Die Älteren unter uns werden sich vielleicht noch an die Europameisterschaft 2004 zurückerinnern. Hier beeindruckte das erfahrene deutsche Team durch technische Mängel, körperliche Defizite und Planlosigkeit. Offensivdrang konnte man der Mannschaft aber nicht vorwerfen: Sie schoss in drei Spielen gerade mal zwei Tore. Während heute aus einem 1:4 gegen Italien ein Weltuntergangsszenario gemacht wird, haben damals die beiden Niederlagen gegen Rumänien (1:5) und Ungarn (0:2) nur zu Schulterzucken Anlass gegeben. Vielleicht, weil es dank einer gnädigen Auslosung zwei Jahre zuvor eine Mannschaft ins Endspiel der WM schaffte, wo sie erstmals auf ein Team der Extraklasse traf und prompt verlor.

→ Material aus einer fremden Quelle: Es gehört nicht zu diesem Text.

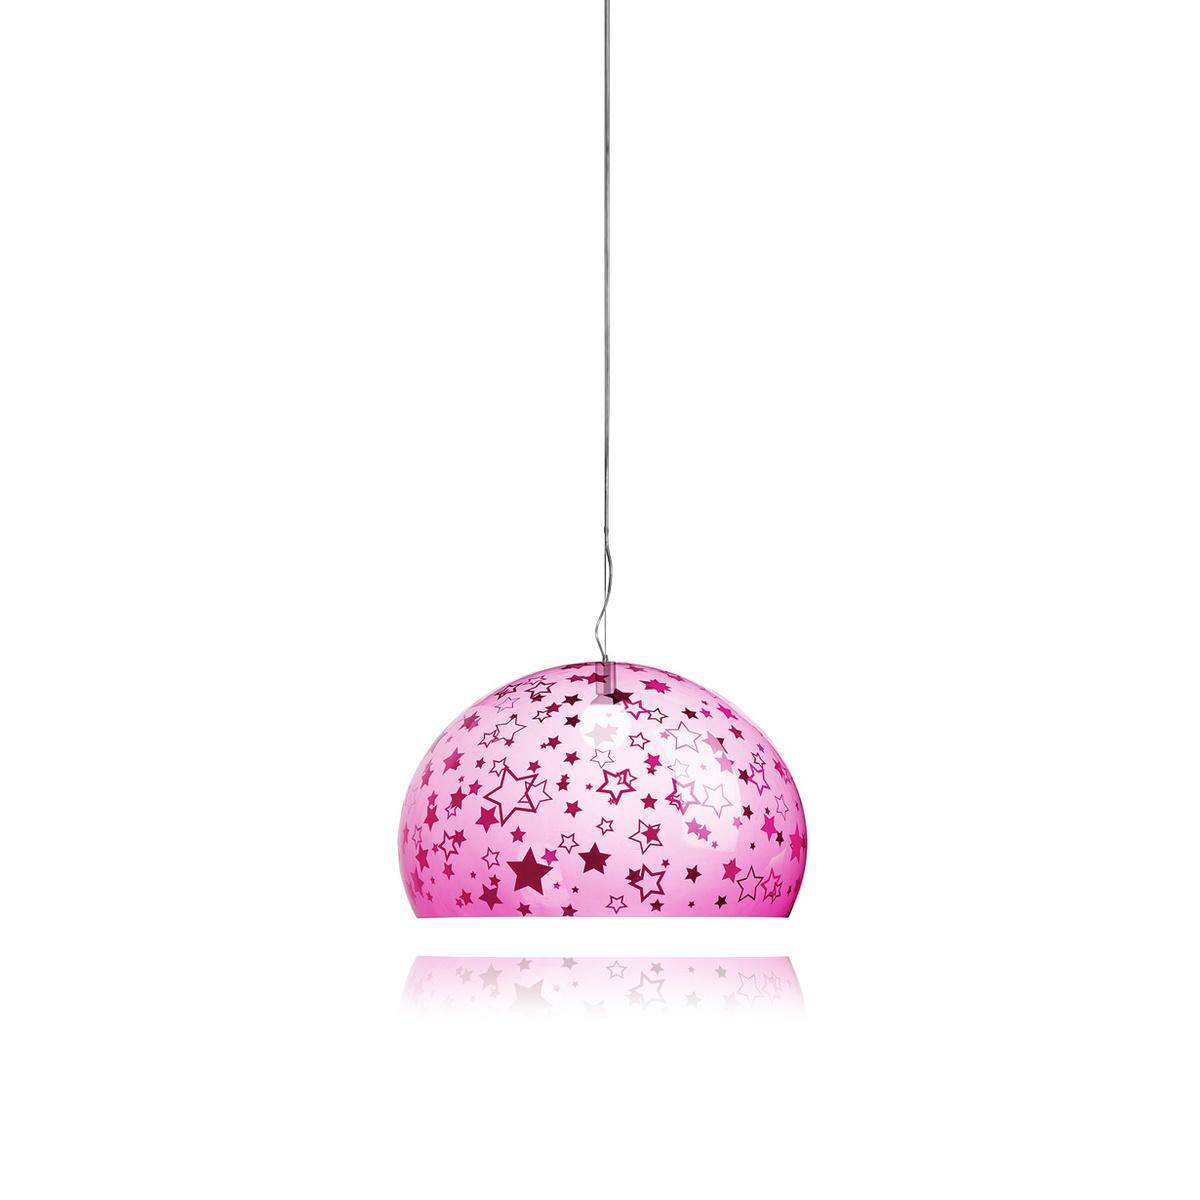 Lampadari Per Stanza Ragazzi lampadario per bambini fl/y diam. 38 cm

Reden wir über deutsche Fußballer. Wer von denen wird von ausländischen Klubs umworben? Außer japanischen und arabischen jetzt. International wettbewerbsfähig sind allein die zwei Torhüter und Michael Ballack. Der Rest sitzt sogar bei den eigenen Klubs auch gerne mal auf der Bank. Nur bei mittelmäßigen Vereinen, die in Finanznöten stecken, haben deutsche Spieler noch Chancen. Aber ausgerechnet unter denen die Nationalspieler zu suchen, hieße wirklich, alle Hoffnung fahren zu lassen. Deutsche Bundestrainer stehen also seit einigen Jahren vor dem Dilemma, entweder mit einigermaßen talentierten jungen Spielern und einem konkurrenzfähigen System eine riskante Wette auf die Zukunft einzugehen, oder mit in jeder Beziehung fertigen Kickern und einem System des “Hinten dicht und vorne hilft der liebe Gott” jedes Risiko zu vermeiden und trotzdem bei nicht perfekter Auslosung in der Vorrunde auszuscheiden.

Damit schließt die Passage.